Tech for good investing has grown markedly over the last decade. Now we have to prove it can do well in tough times.
The polycrisis of 2022 is likely to continue this year with many countries going into recession. The challenges, which the startups we back address, are getting worse before they get better.
The global energy crisis has made it obvious that we need to shift to a renewable system of energy production. Thankfully there’s now a bulge of capital working on climate tech. However, it has also highlighted how far behind we are when it comes to changing our infrastructure to allow for that transition. Expect many things to break along the way.
We’ll see inequality and many other social indicators get worse in 2023. Teachers are grappling with severe problems including hundreds of thousands of children missing from the UK education system and the impact of the pandemic on pupil development and mental health. The conditions for frontline workers are getting tougher as the cost of living and inflation bite. Strikes are just one symptom of deep social malaise.

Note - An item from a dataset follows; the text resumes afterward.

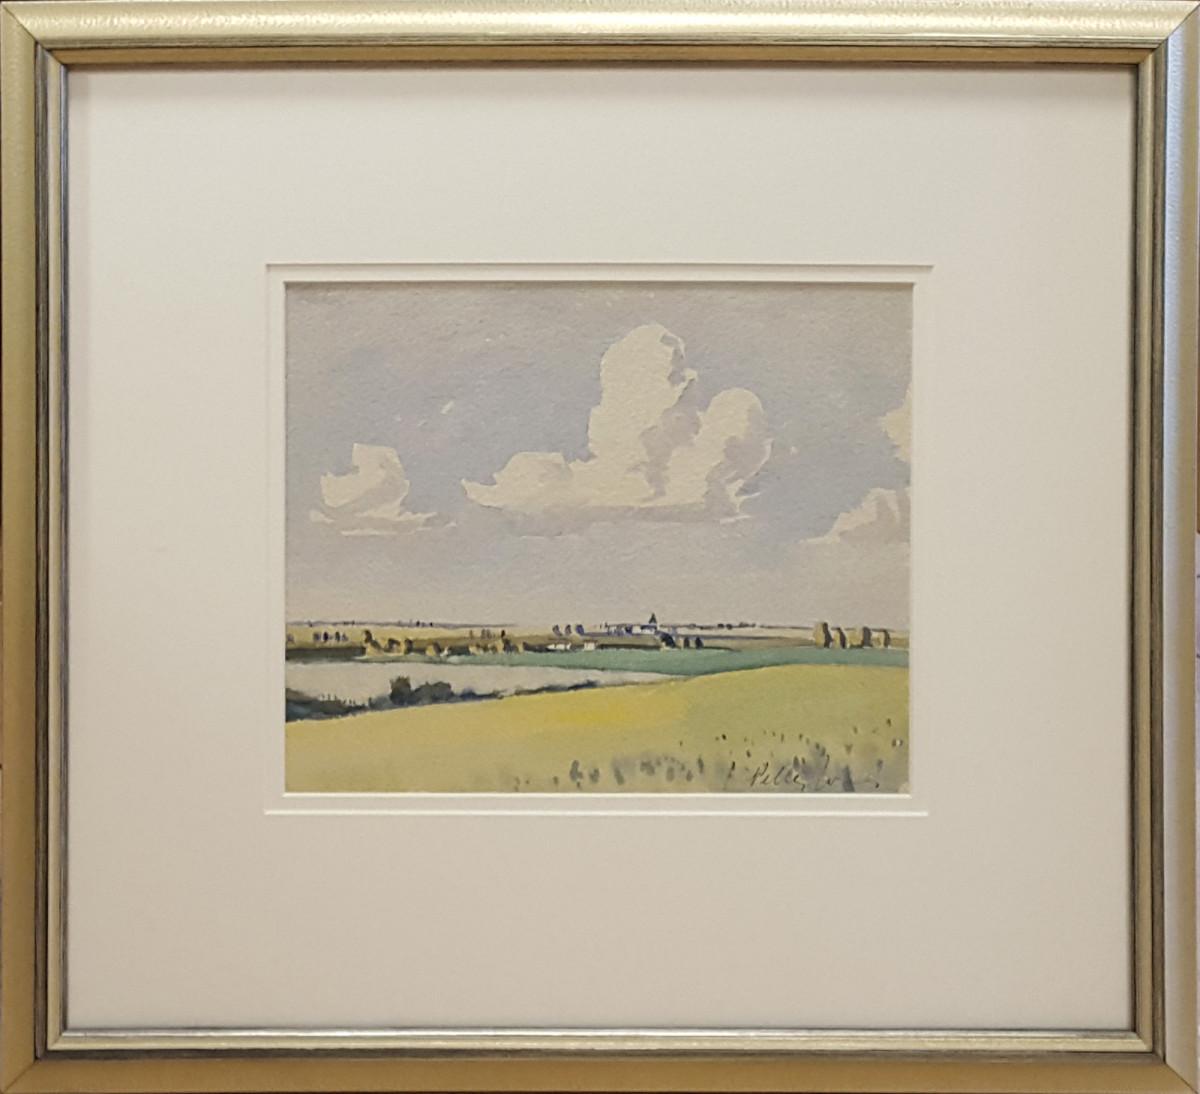 2318 - Cumulus Cloud by Llewellyn Petley-Jones (1908-1986)

In health, the NHS is facing incredibly difficult times (and isn’t unique amongst healthcare systems internationally). Worn down by the pandemic, it is now facing new problems. All at the same time as a staffing crisis from changing demographics and underinvestment continues to unfold.
These challenges are opportunities for tech for good startups to help. But, because of the broader economic uncertainty, it will undoubtedly be more difficult for all startups (including tech for good startups) to raise money. Our experience is that good companies will still find investment but it will take more time and work on the part of founders to make the grade.
So 2023 will be tough. But we believe the tech for good community is up to the challenge and that by taking on these problems, we’ll be able to prove once and for all that you can do well by doing good.